Checking this conviction on the old virtuals, I saw:

 $ wget http://metadata.google.internal --2014-10-04 13:47:29-- http://metadata.google.internal/ Resolving metadata.google.internal... failed: nodename nor servname provided, or not known. wget: unable to resolve host address 'metadata.google.internal' 

But with this new virtuals request passed without problems:

 $ wget http://metadata.google.internal.com --2014-10-04 13:50:38-- http://metadata.google.internal.com/ Resolving metadata.google.internal.com... 74.200.250.131 Connecting to metadata.google.internal.com|74.200.250.131|:80... connected. HTTP request sent, awaiting response... 302 Found Location: http://ww2.internal.com [following] --2014-10-04 13:50:39-- http://ww2.internal.com/ Resolving ww2.internal.com... 208.73.211.246, 208.73.211.166, 208.73.211.232, ... Connecting to ww2.internal.com|208.73.211.246|:80... connected. HTTP request sent, awaiting response... 200 (OK) Length: 1372 (1.3K) [text/html] Saving to: 'index.html' 100%[==============================================>] 1,372 --.-K/s in 0s 2014-10-04 13:50:40 (28.4 MB/s) - 'index.html' saved [1372/1372] 
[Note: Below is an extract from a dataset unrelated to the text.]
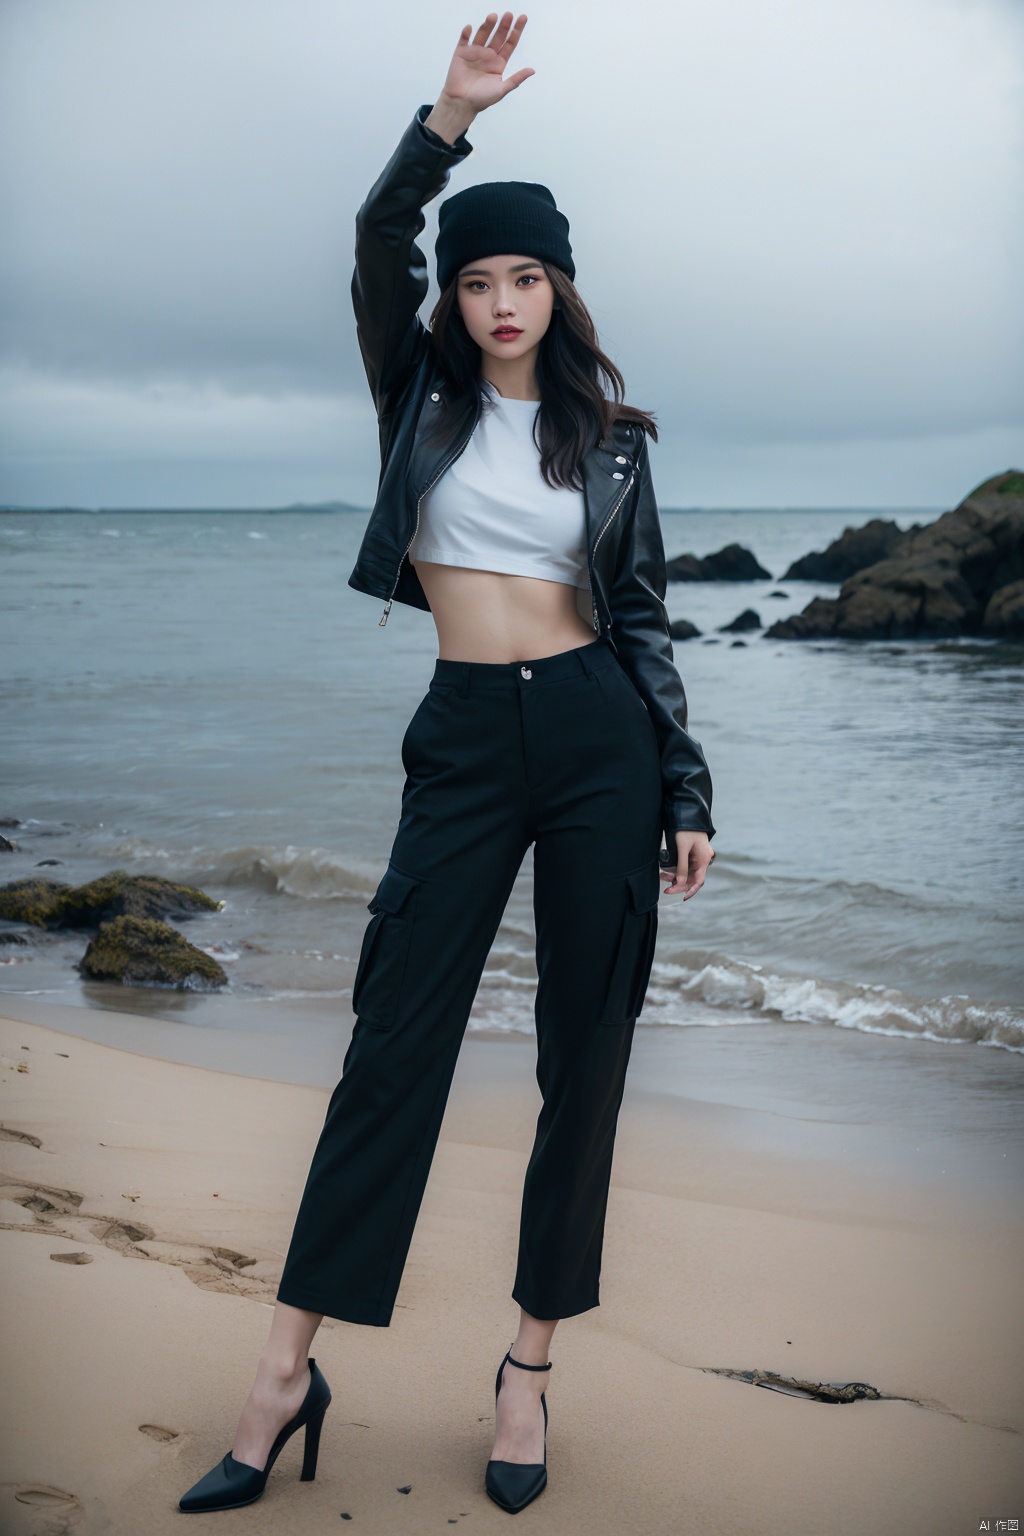 a young woman stands at the center, extending her arms wide against a vast, overcast seascape. She is positioned on a stony beach, where dark, smooth pebbles cover the ground. The ocean is calm with gentle waves lapping at the shore. Her attire is stylishly casual, with a street fashion vibeâshe sports a fitted grey crop top and voluminous black cargo pants, paired with a studded black leather jacket that adds a touch of rebellious flair. A black beanie caps her long hair that falls partially across her face, and she holds a black designer tote bag in her outstretched hand. Her posture exudes a sense of freedom and joy, embodying a spontaneous moment captured against the moody backdrop of an overcast sky and the tranquil sea.

Looking into the contents of index.html, I saw the very ill-fated HTML code. But how could this be? After all, all virtuals are exactly the same, using the same DNS 8.8.8.8. And what ww2.internal.com, which is the request? Running nslookup I saw:

 $ nslookup metadata.google.internal Server: 8.8.8.8 Address: 8.8.8.8#53 Non-authoritative answer: metadata.google.internal.com canonical name = internal.com. Name: internal.com Address: 74.200.250.131 

For some reason, metadata.google.internal recurred in metadata.google.internal.com , and that was all the trouble. Quickly looking at /etc/resolv.conf, I saw the line of search com , which wasn’t on other machines.

The answer was simple. When creating this virtualka, she was given the name new-site.com . The installer of the operating system picked up this name, separated com and added it to resolv.conf automatically.
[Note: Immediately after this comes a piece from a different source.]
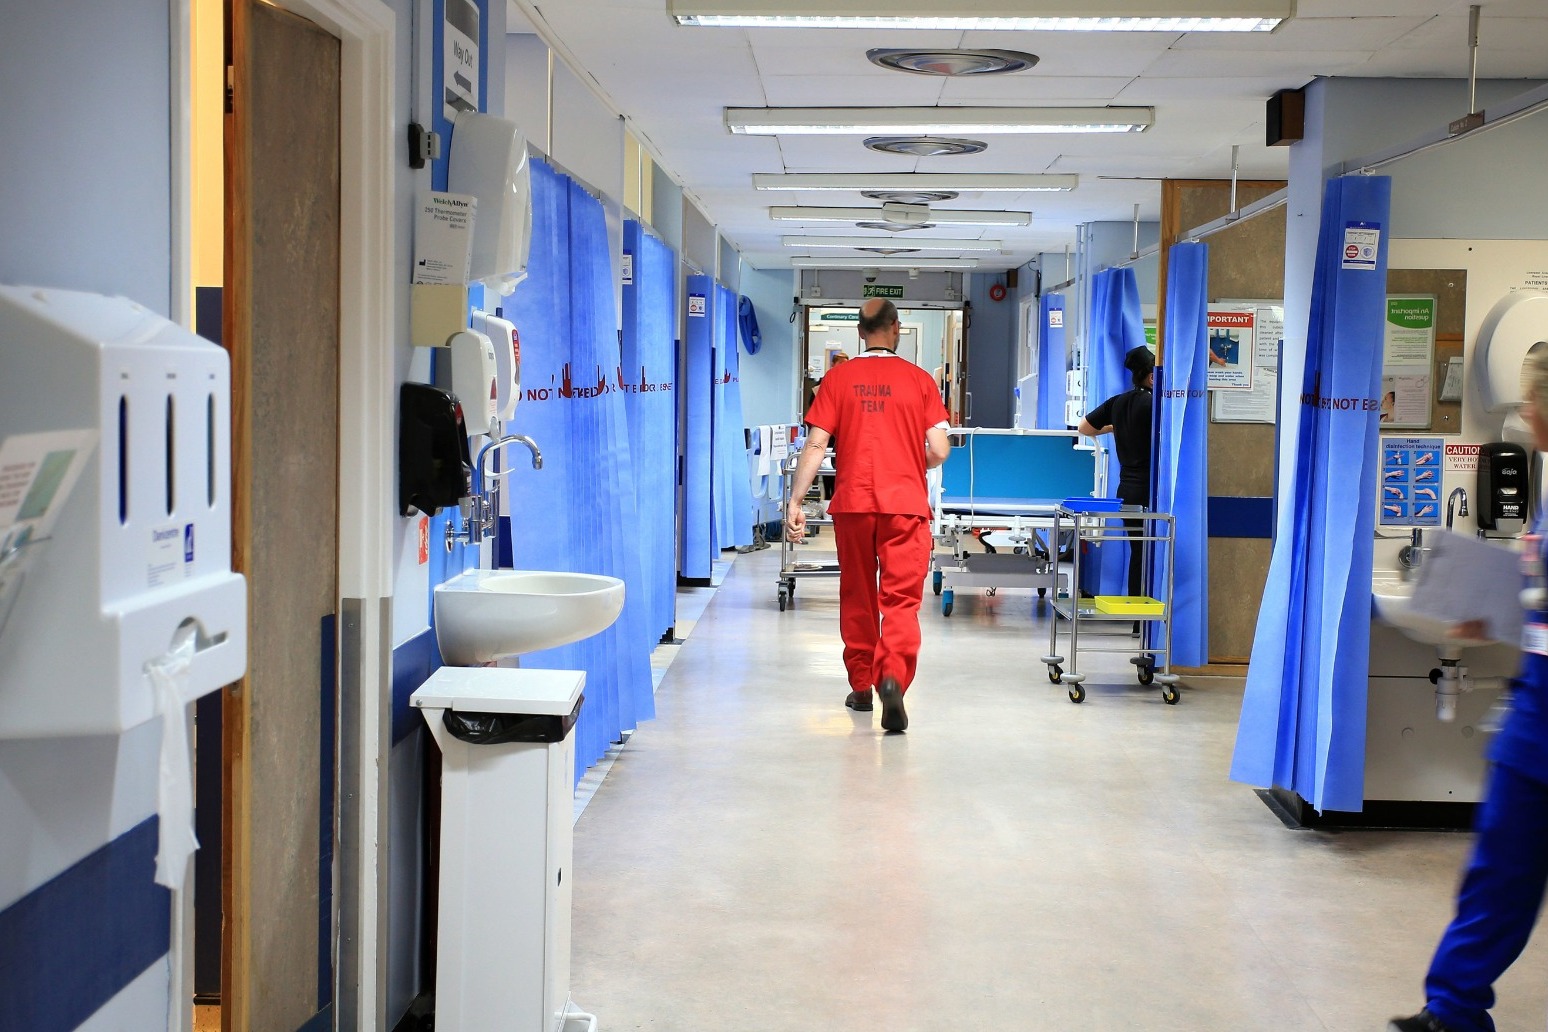 Scottish Labour: Ending unlimited long Covid sick pay for NHS staff is reckless

Thus, when Ohai ran through the system and made a request to metadata.google.internal, he received a response from metadata.google.internal.com, and thought that he was on the GCE machine. After that, I made requests to the GCE API, receiving in response only these pages with iframe.

It turns out that everyone who calls his virtual machine something. com will automatically receive such a problem. Naturally, I unsubscribed to the support chef, where I was assured that they would send the ticket directly to the guys who write this Ohai. So, I hope this problem will be fixed soon.

This investigation is coming to an end. Guilty punished, the good won again. Thank you for being with us!